Alpha Bank’s Financial Strength Rating Raised to ‘B-’

  

Capital Intelligence Ratings (CI Ratings), the international credit rating agency, has announced that it has raised the Financial Strength Rating (FSR) of Alpha Bank (AB) to ‘B-’ with a ‘Stable’ Outlook from ‘C+’ with a ‘Negative’ Outlook. Despite the improved standalone financial profile of the Bank, the Long- and Short-Term Foreign Currency Ratings (FCRs) remain on SD (Selective Default) due to the continued existence of capital controls, specifically those on deposit withdrawals. The Support Rating is raised to ‘4’ from ‘5’, reflecting the demonstrated support of key shareholders in the capital increases of 2014 and 2015. In CI Ratings’ opinion there is a moderate likelihood that further capital support would be provided, if necessary. Given the improved capital position, the Bank is expected to remain eligible for Emergency Liquidity Assistance (ELA) through Bank of Greece, if necessary.

The upgrade primarily reflects the Bank’s improved capital position following the successful EUR2.6 billion capital increase of November 2015, which was achieved without any state aid. The Bank’s gross income generation and operating profitability remains a key supporting factor. Both metrics stand well above peers’ and provide the first line of defence in what remains a very difficult operating environment. That said, it is expected that following recent reforms approved by the Greek Parliament and completion of the first review of the Third Economic Adjustment Programme (TEAP), operating conditions will begin to improve, with a resumption of GDP growth in H2 2016 and a gradual return of banking system deposits (subject to a partial relaxation of capital controls). The FSR also reflects AB’s proactive non-performing loan (NPL) management. The Bank has stepped up the renegotiation of troubled assets and concluded agreements with KKR and Eurobank, together with EBRD as a minority shareholder, to set up a common management platform for corporate NPLs and with Aktua Hellas for retail NPLs. Following the sale of its operations in Bulgaria and FYROM this year, AB continues to integrate key international operations such as Cyprus and Romania, and progressing towards its cost savings and restructuring targets.

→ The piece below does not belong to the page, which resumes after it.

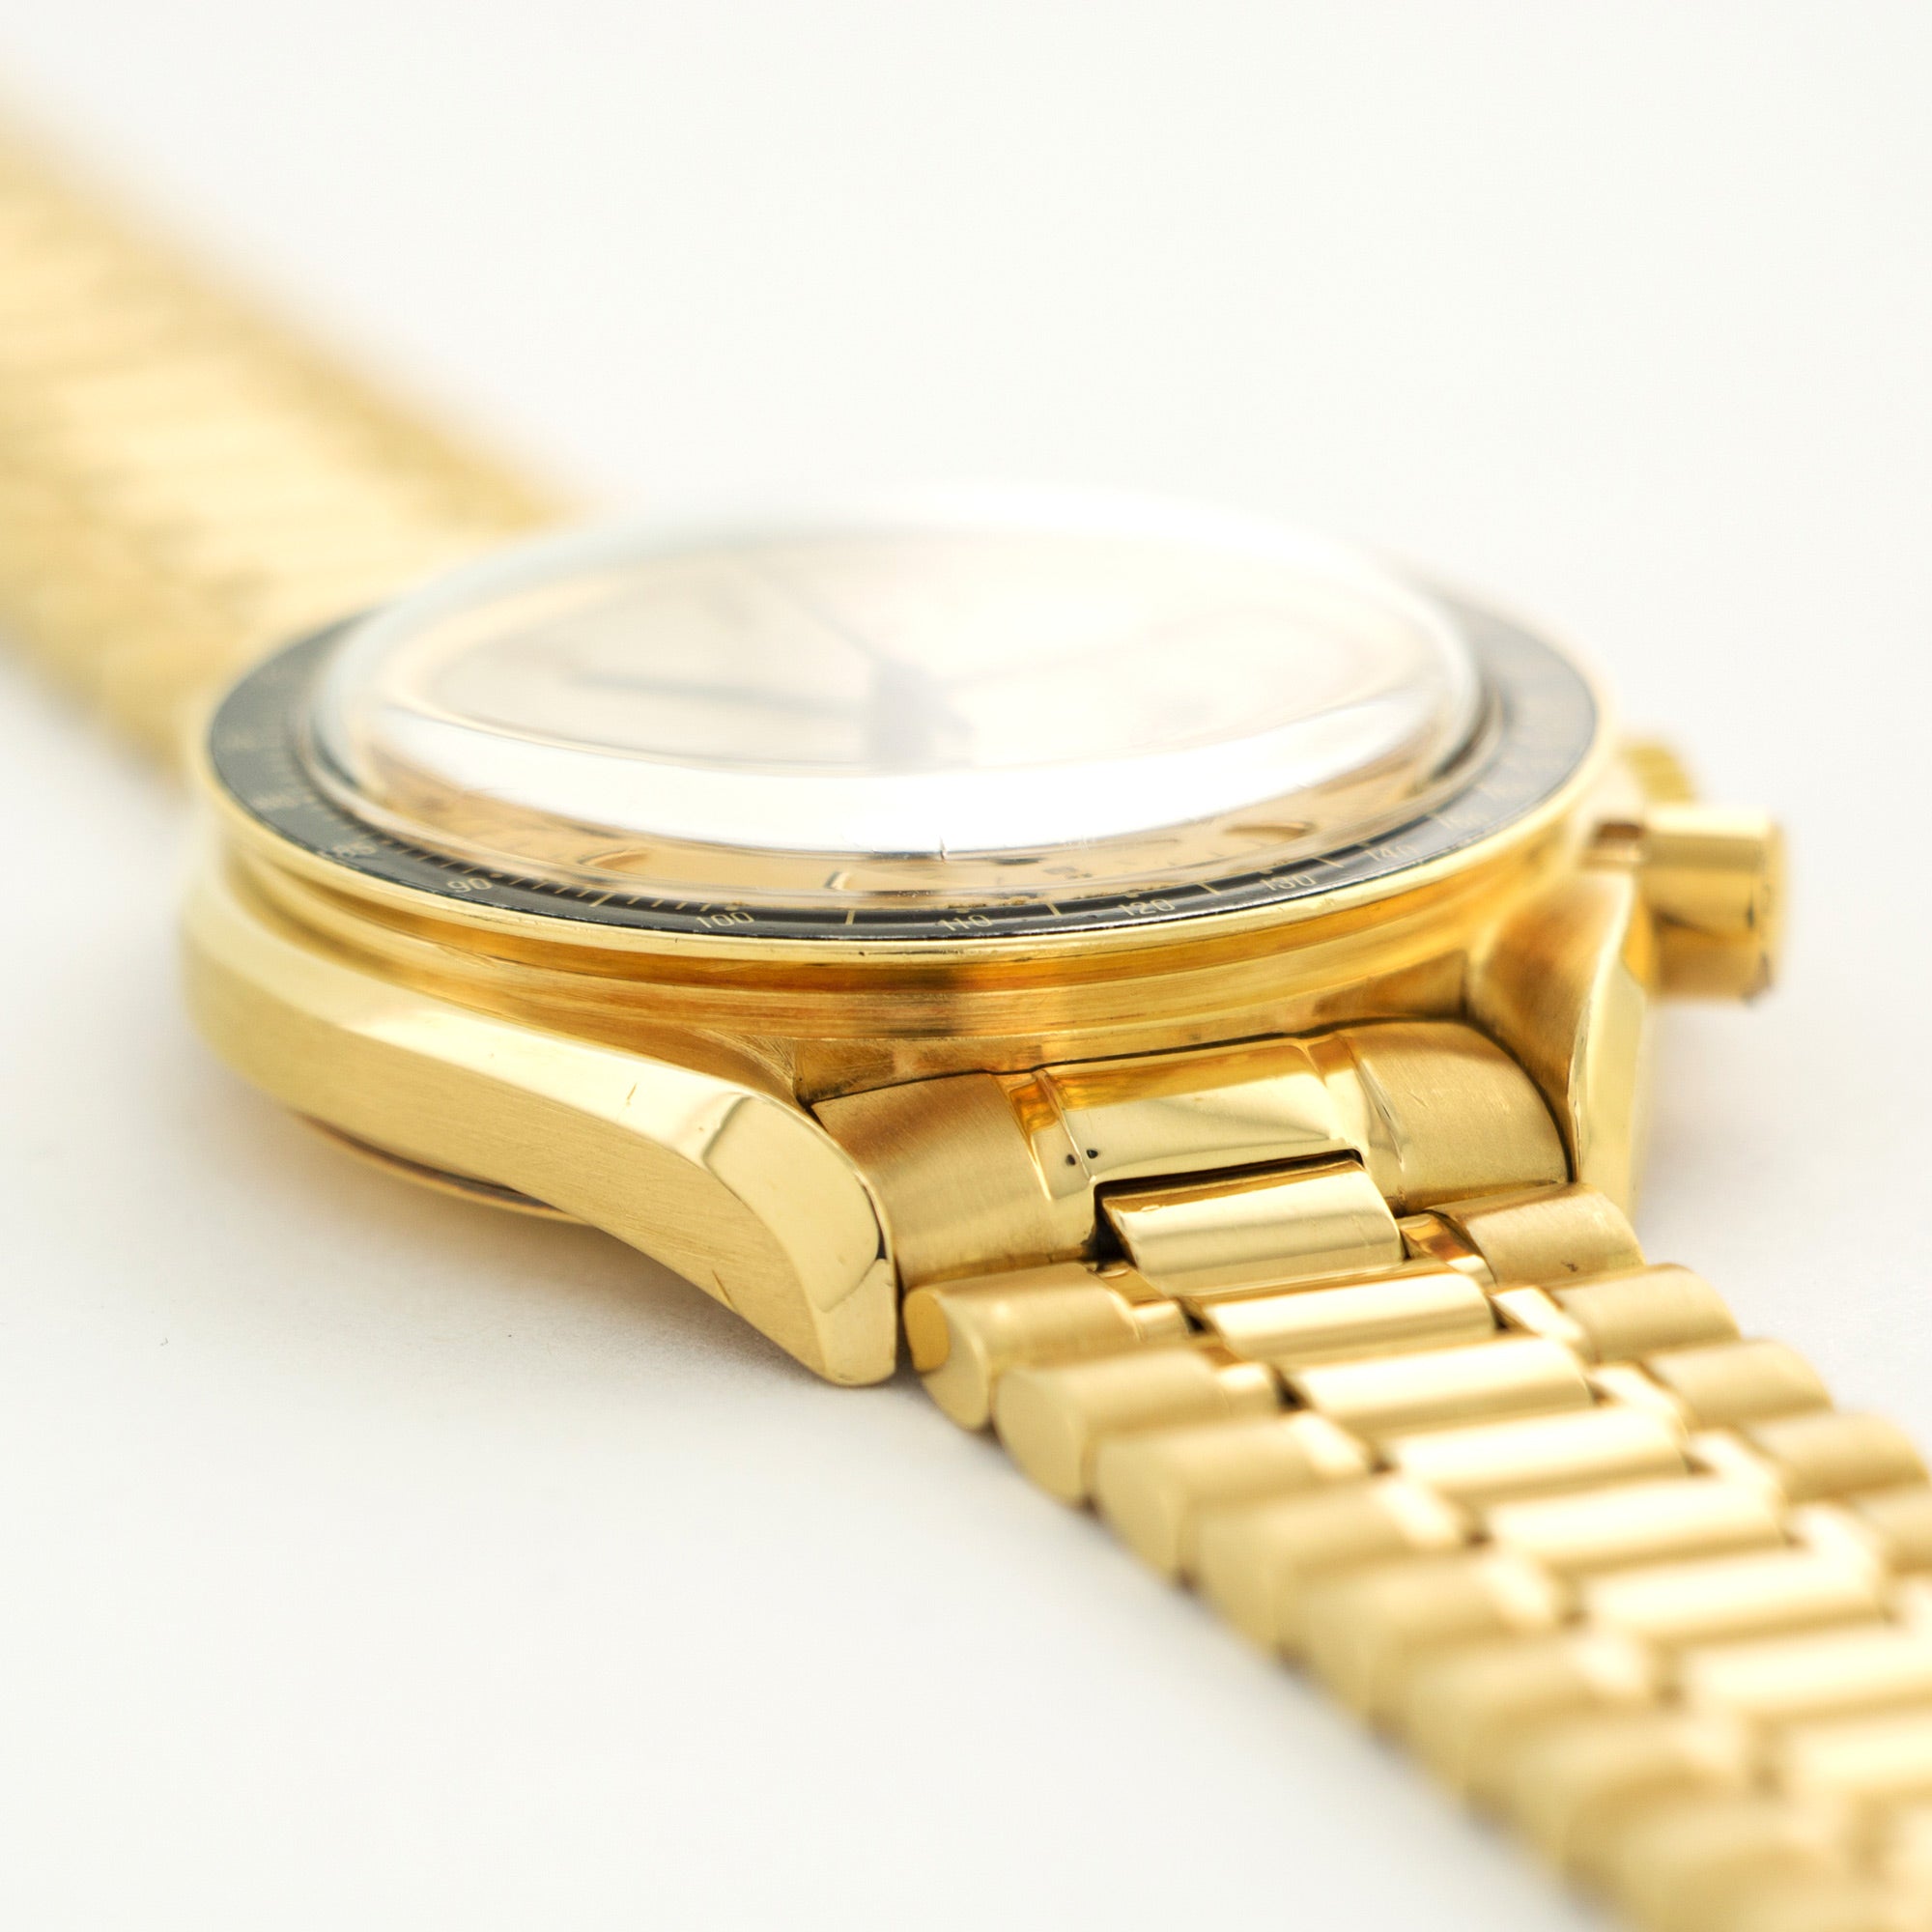 Omega - Omega Speedmaster Yellow Gold Chronograph, ref. 1750032 - The Keystone Watches

The FSR of ‘B-’ is foremost constrained by the Bank’s very high NPL ratio. Asset quality metrics are expected to remain very weak for some time, due to the extent of the fiscal adjustment being carried out and its impact on private sector debt repayment capacity. Liquidity remains protected by capital controls as well as by access to ELA, and at the current rating level is neither a supporting nor a constraining factor. However, funding capacity, impacted by systemic deposit outflows last year, is expected to remain very limited because sentiment towards the Greek economy is likely to remain volatile until there is a credible and lasting solution to the Greek debt crisis. As is the case with other Greek banks, the high level of Deferred Tax Assets, which would be impaired if current tax legislation were challenged by EU authorities or in case of a sovereign credit event, constrains the rating. The Bank’s internal capital generation – also a constraining factor – is expected to remain very limited due to continued high, albeit reducing, risk charges as well as restructuring costs.

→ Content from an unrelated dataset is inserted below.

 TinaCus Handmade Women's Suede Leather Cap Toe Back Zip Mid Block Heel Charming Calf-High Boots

The FSR of ‘B-’ indicates that external support would likely be needed in the event of unexpected adversities. Short-term event risks are likely to remain high despite completion of the first TEAP review and include the risks of: (a) a reversal of progress by the Greek Government in meeting EU and IMF creditors’ conditions due to social and political dissent, which would lead to a delay of the second review and of further disbursements; and (b) a disagreement between EU institutions and the IMF when the Debt Sustainability Analysis is updated prior to the IMF’s decision within 2016 to participate in the TEAP. Even if the foregoing are avoided, the risk remains that TEAP might fail to generate sustainable economic growth. To date, attempts to resolve the Greek debt crisis by applying austerity policies aimed at increasing the primary fiscal balance have, if anything, exacerbated the debt burden. It remains to be seen whether the intention to also provide debt relief by adjusting the present value of debt servicing costs, rather than by an outright reduction in the nominal stock of debt, may be any more effective.

Historically, primarily a wholesale corporate lender, the Bank has developed over the years a universal banking model with a good balance between retail and corporate business. With total assets of EUR68 billion at end March 2016, AB is one of the four systemic banks in the Greek market. In February 2013 AB acquired Emporiki Bank and in 2014 it acquired Citibank’s wealth management and retail operations in Greece.